-- Opening Marker --
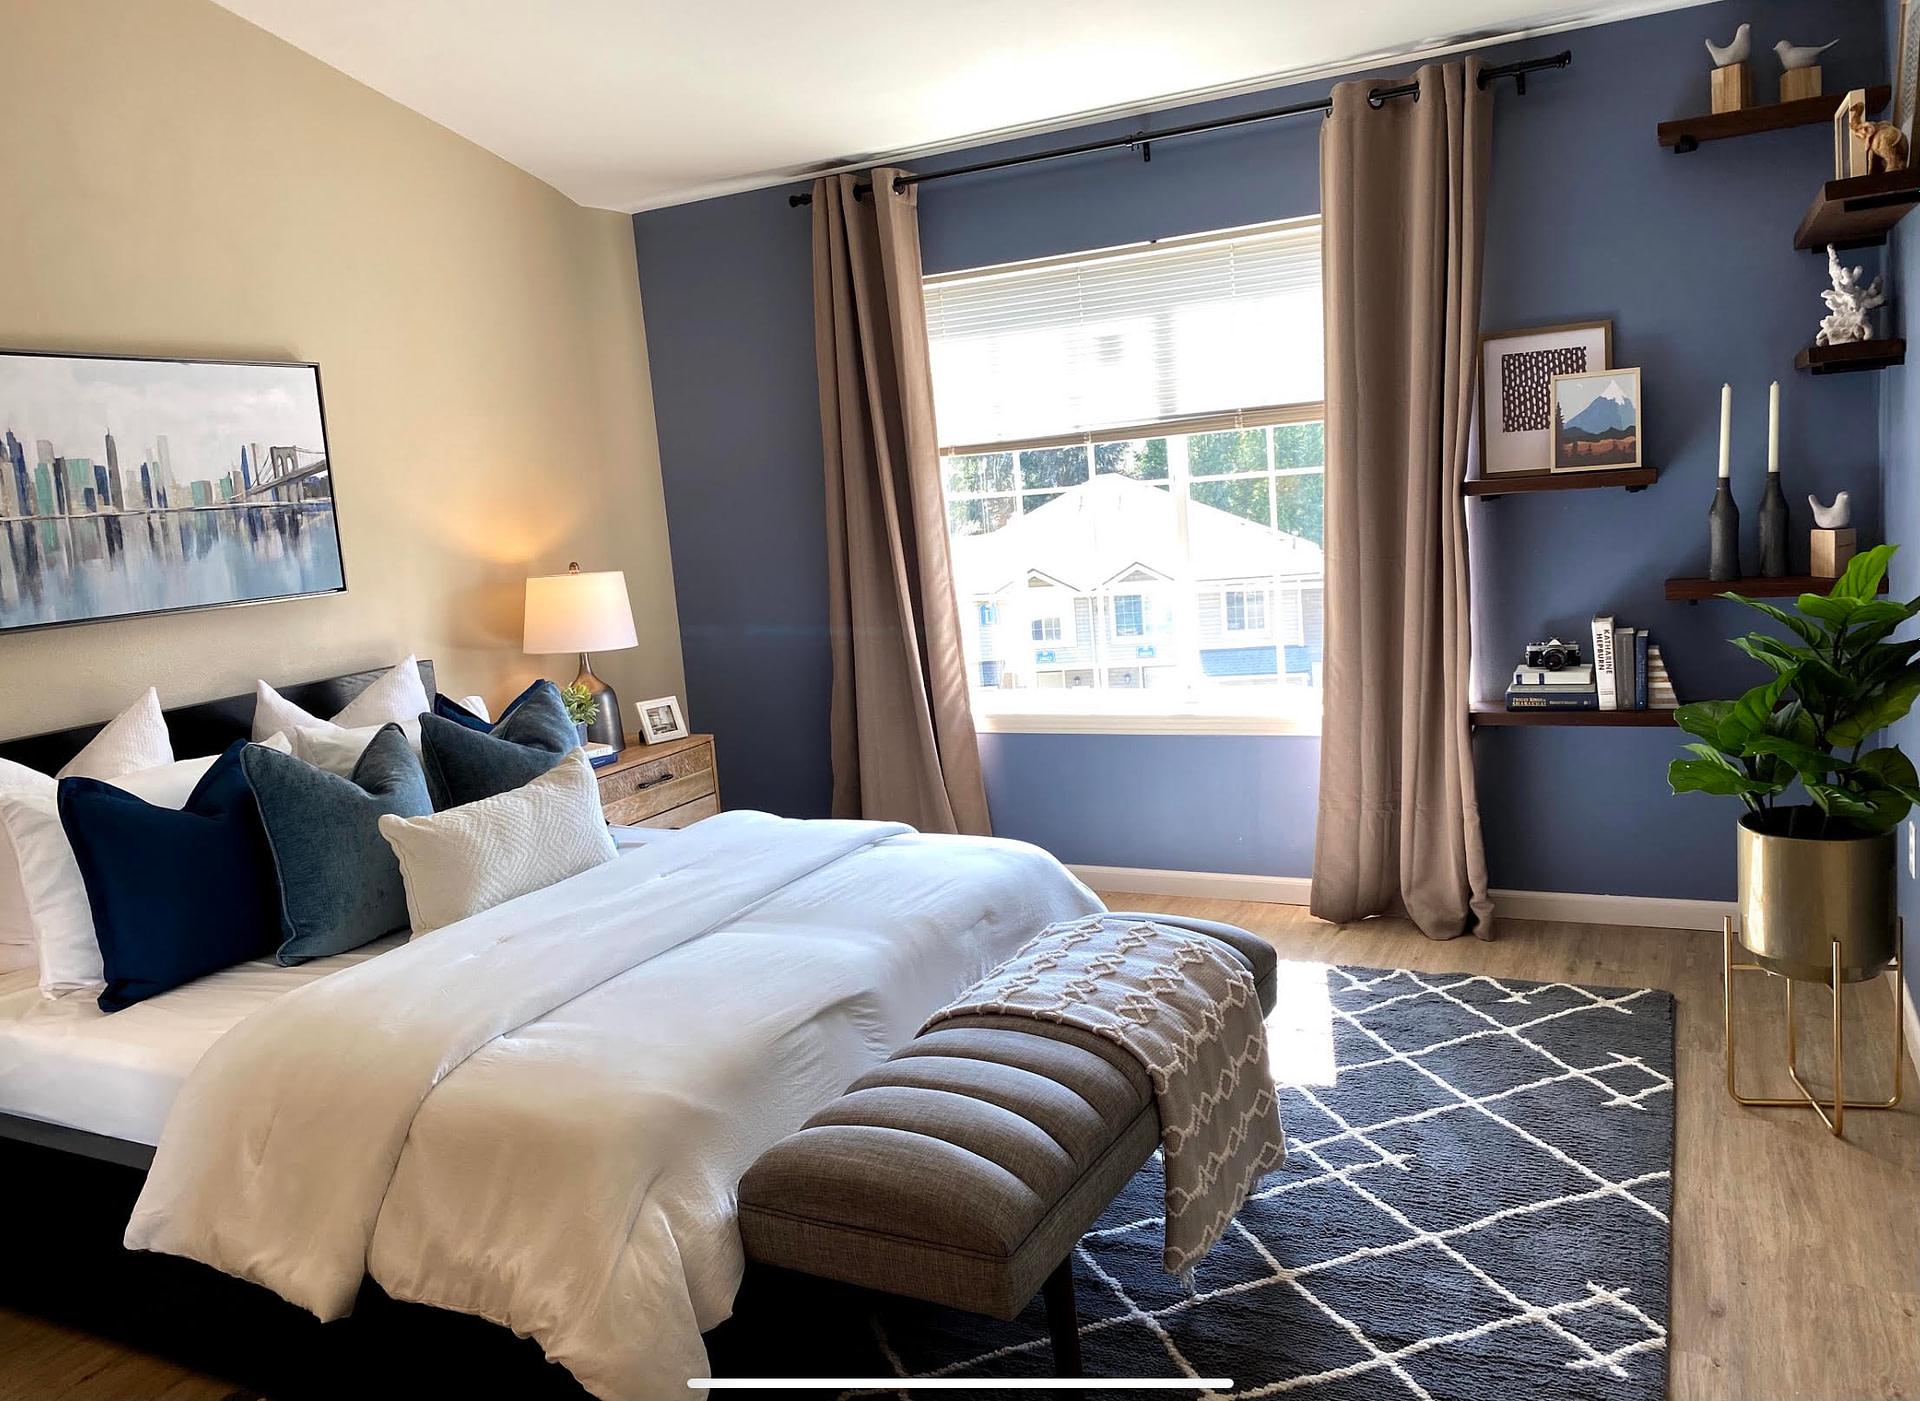 Redmond - Bedroom After Staging
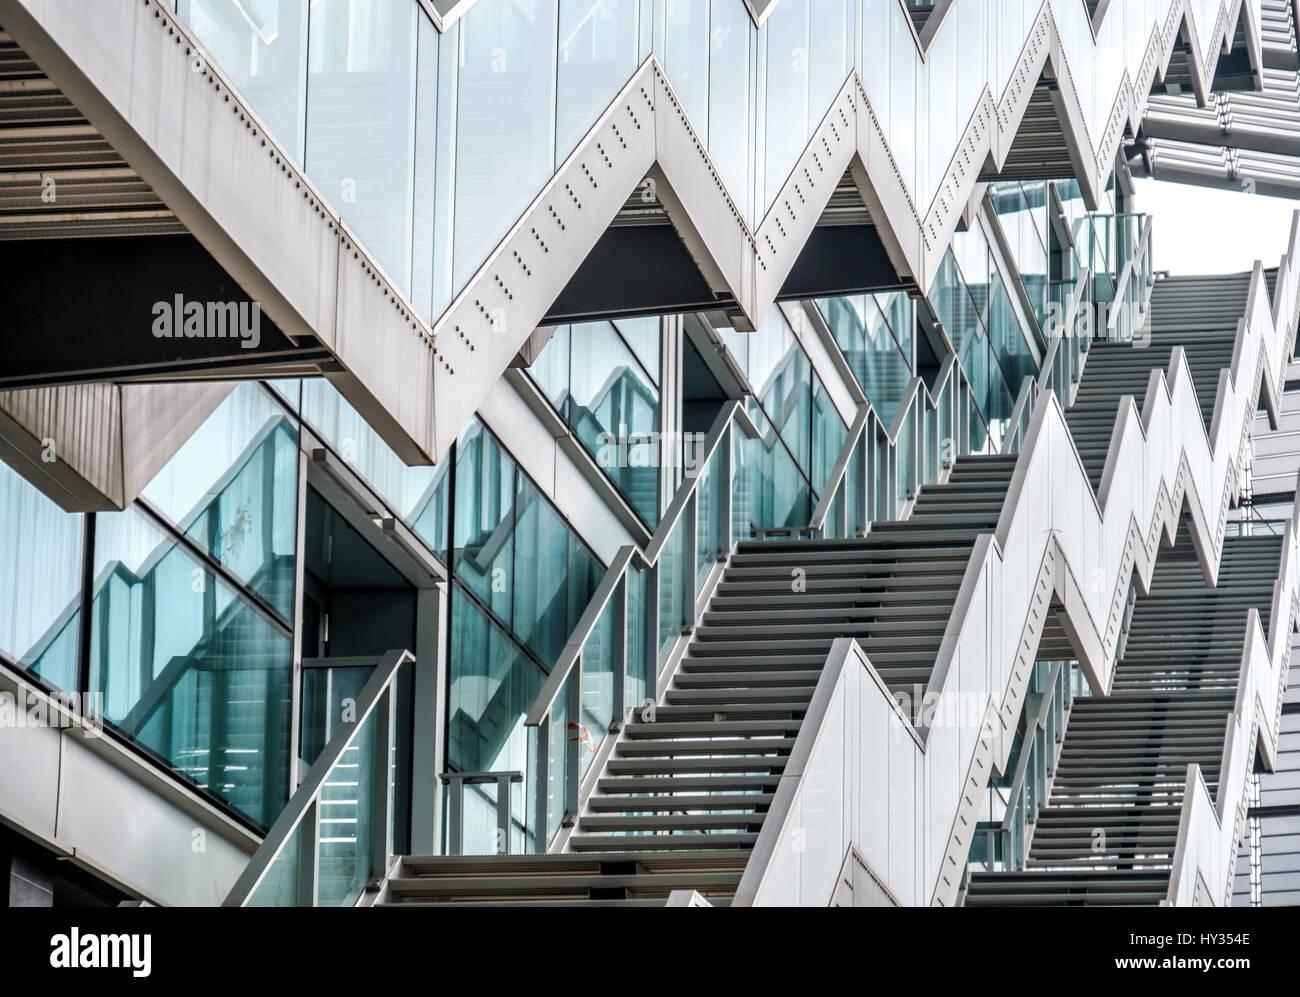 Zig zag stairs modern glass window building zigzag texture
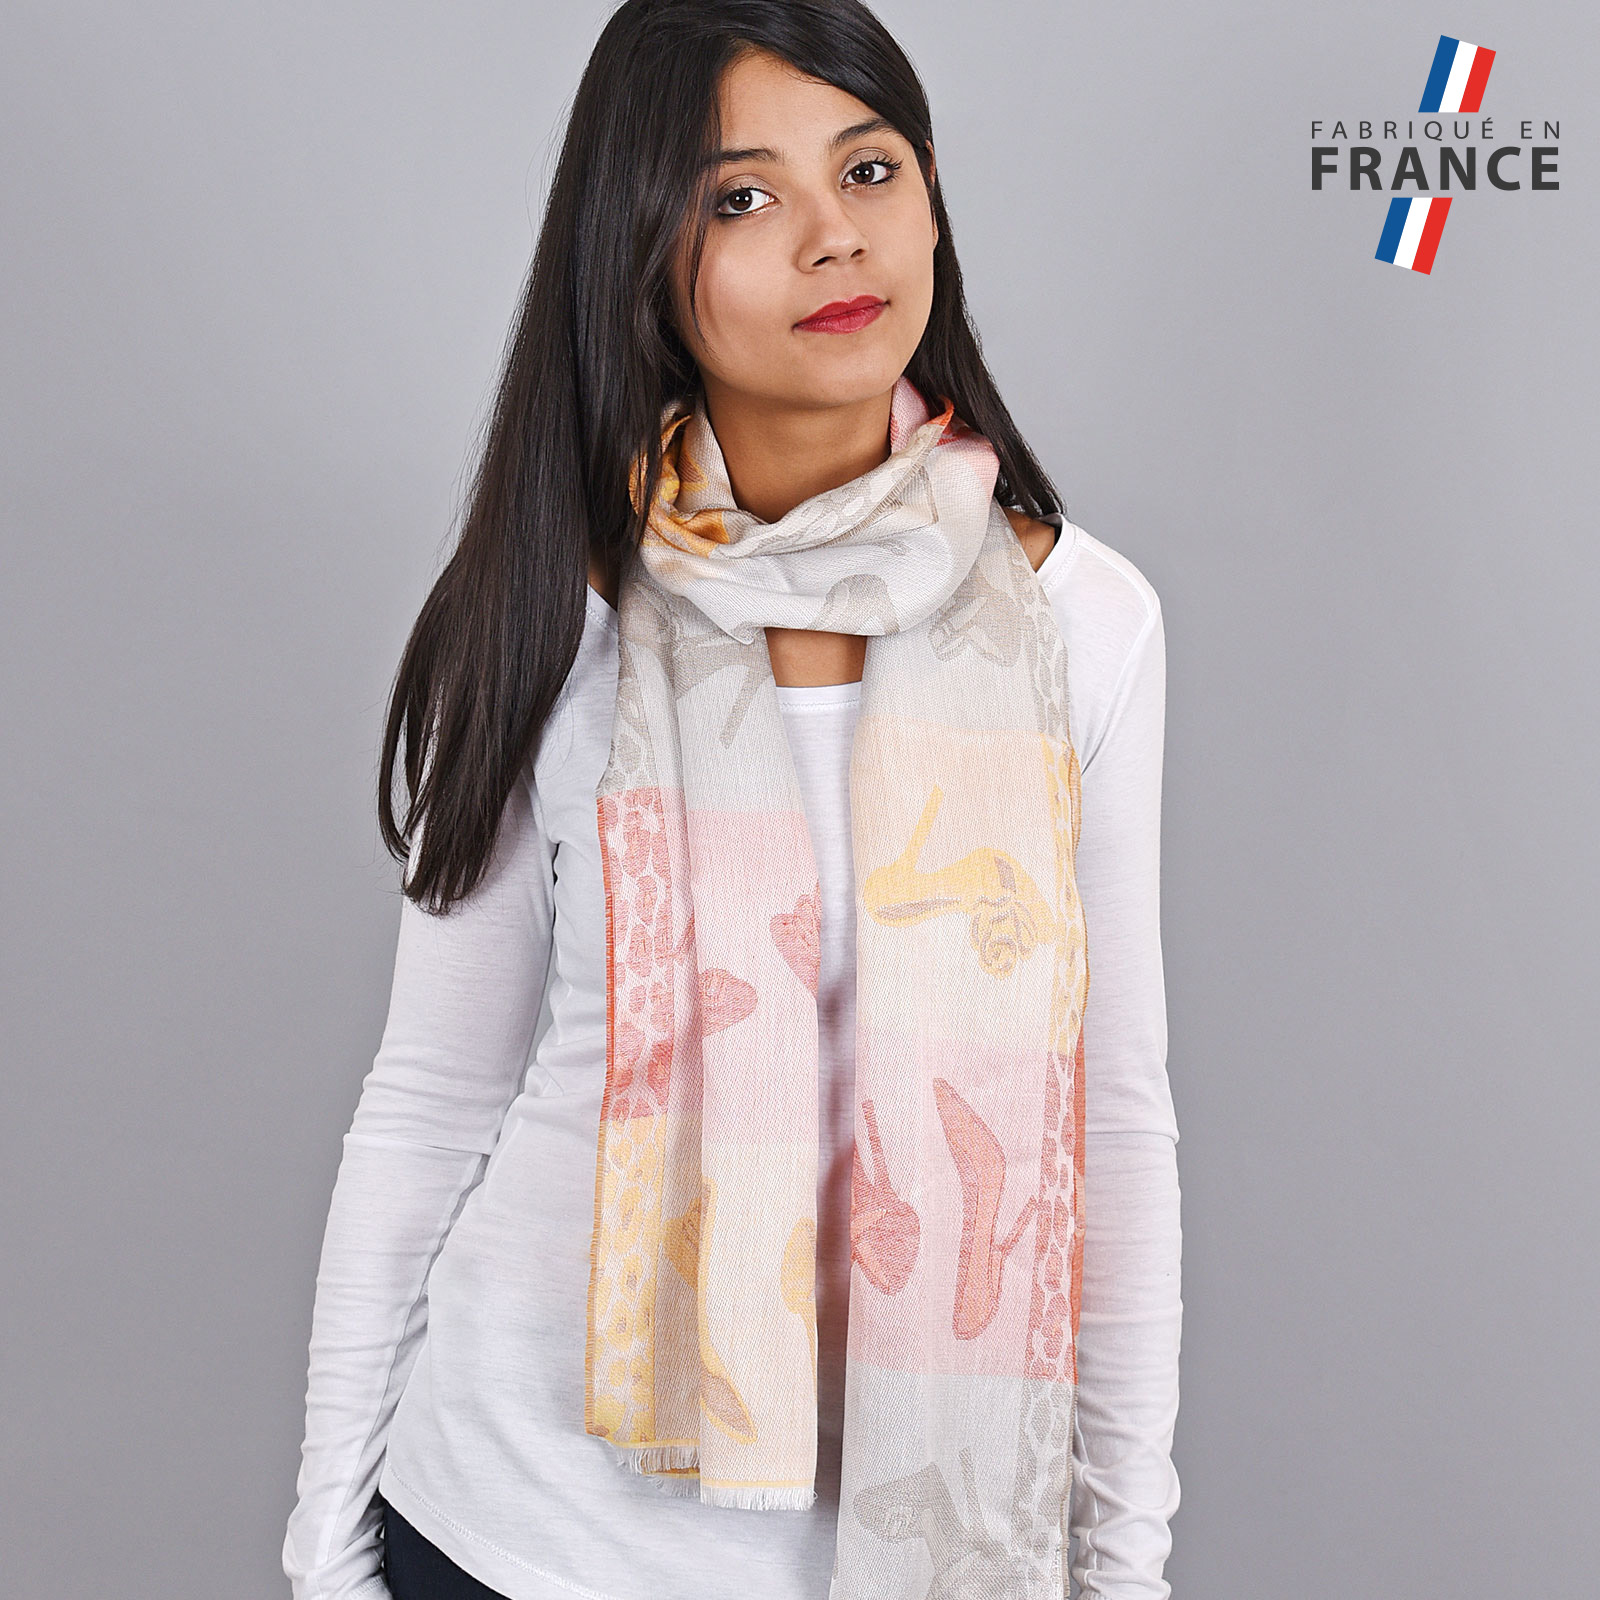 AT-04198-VF16-LB_FR-echarpe-femme-jaune-oranges-fabrication-france
-- Closing Marker --
## Work instruction
This task asks for the data above repeated exactly, without a single picture.

## Exercise result
 Redmond - Bedroom After Staging
 Zig zag stairs modern glass window building zigzag texture
 AT-04198-VF16-LB_FR-echarpe-femme-jaune-oranges-fabrication-france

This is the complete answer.